I read recently that adult cats only meow for humans. In the wild meowing isn't necessary as except for mating adult cats have no need to communicate with each other. I am glad these kitties provide so much joy for you. Alas very allergic grandchildren are keeping us pet free though I see my granddog Kaya, the black shepherd and grand kitty Nala.
"Over winter he eventually got well and is now almost too powerful for me to handle on our walks."
Four-wheel drive and a low center of gravity gives him a clear advantage.
"I read recently that adult cats only meow for humans. In the wild meowing isn't necessary as except for mating adult cats have no need to communicate with each other."
Lions are a highly communicative social species, but they don't meow.

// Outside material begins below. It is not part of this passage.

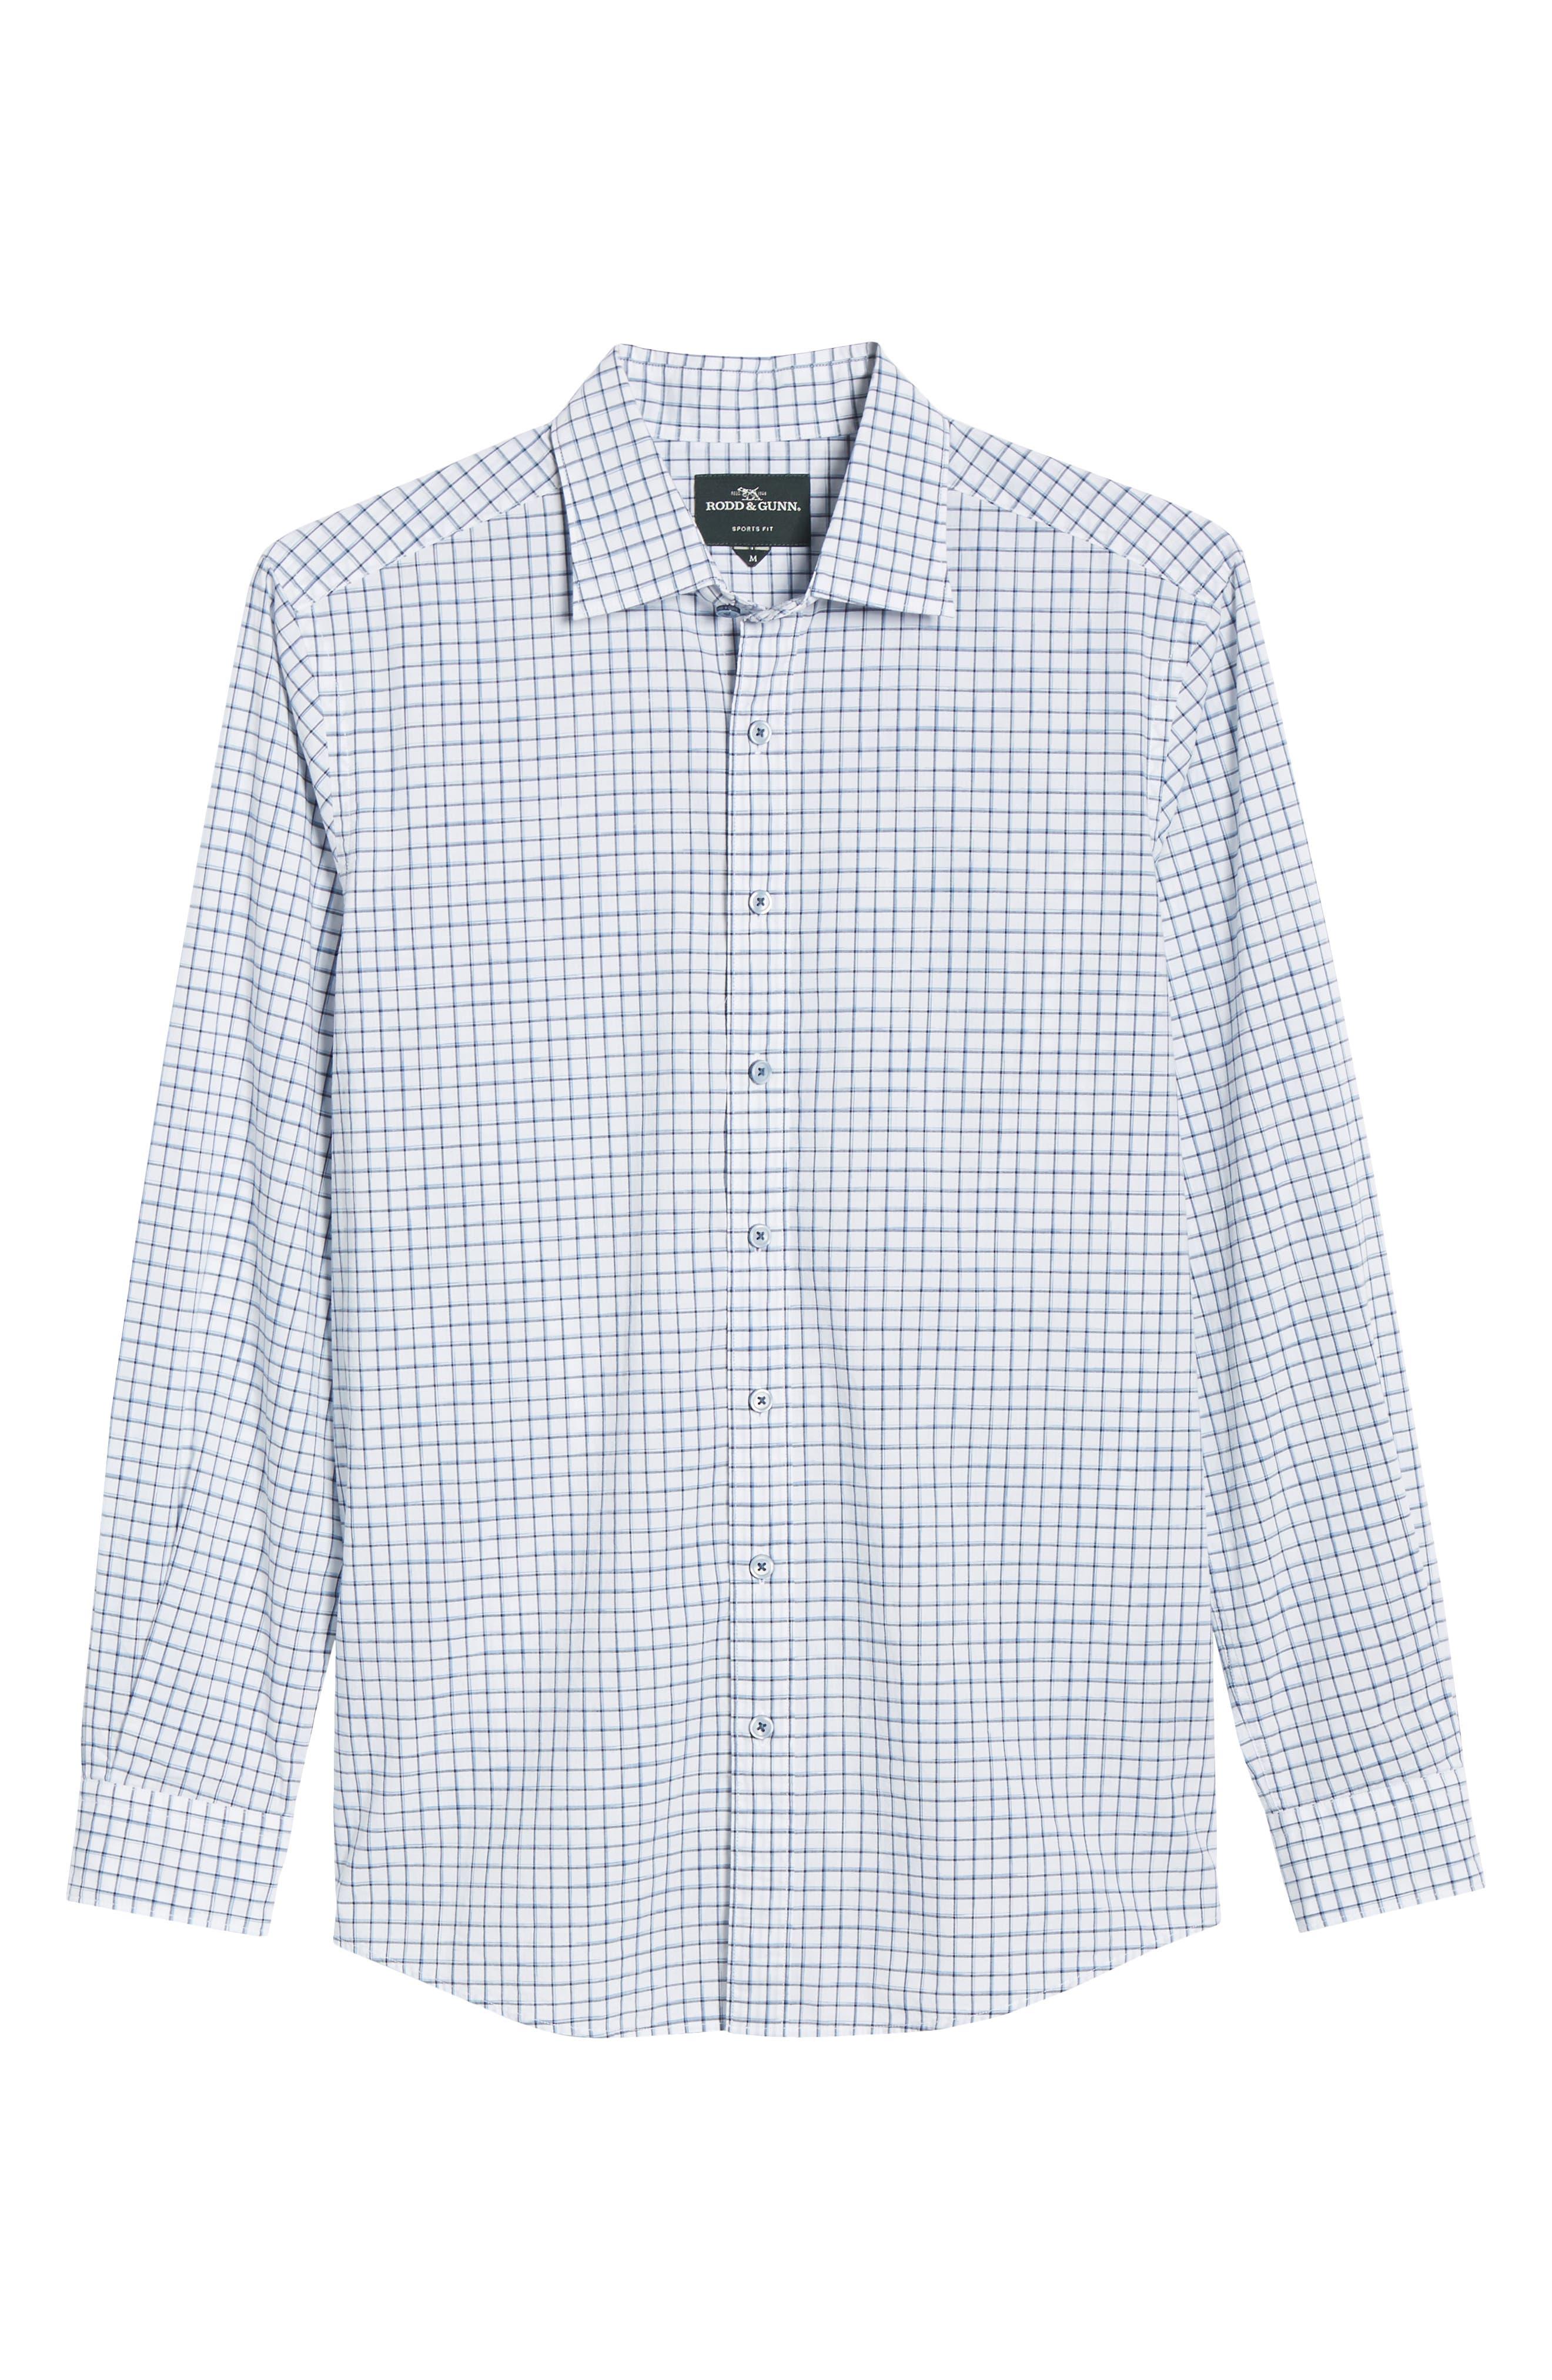 RODD & GUNN, Gowerville Regular Fit Check Sport Shirt, Alternate thumbnail 5, color, SNOW

Given that my cats bathe, cuddle, sleep, and play together all day long, I assume that they are more intimate with one another than they are with Peggy and me, so I think it possible that they partially speak to us by meowing (they also speak to us in other ways) simply because we lack the subtlety and sophistication to understand much of the language that they use among themselves. The fact that their meows are accompanied by exclamation points would seem to bear this out.
Beautiful Harvey! Words can't describe the love I have for my feline family. We are blessed.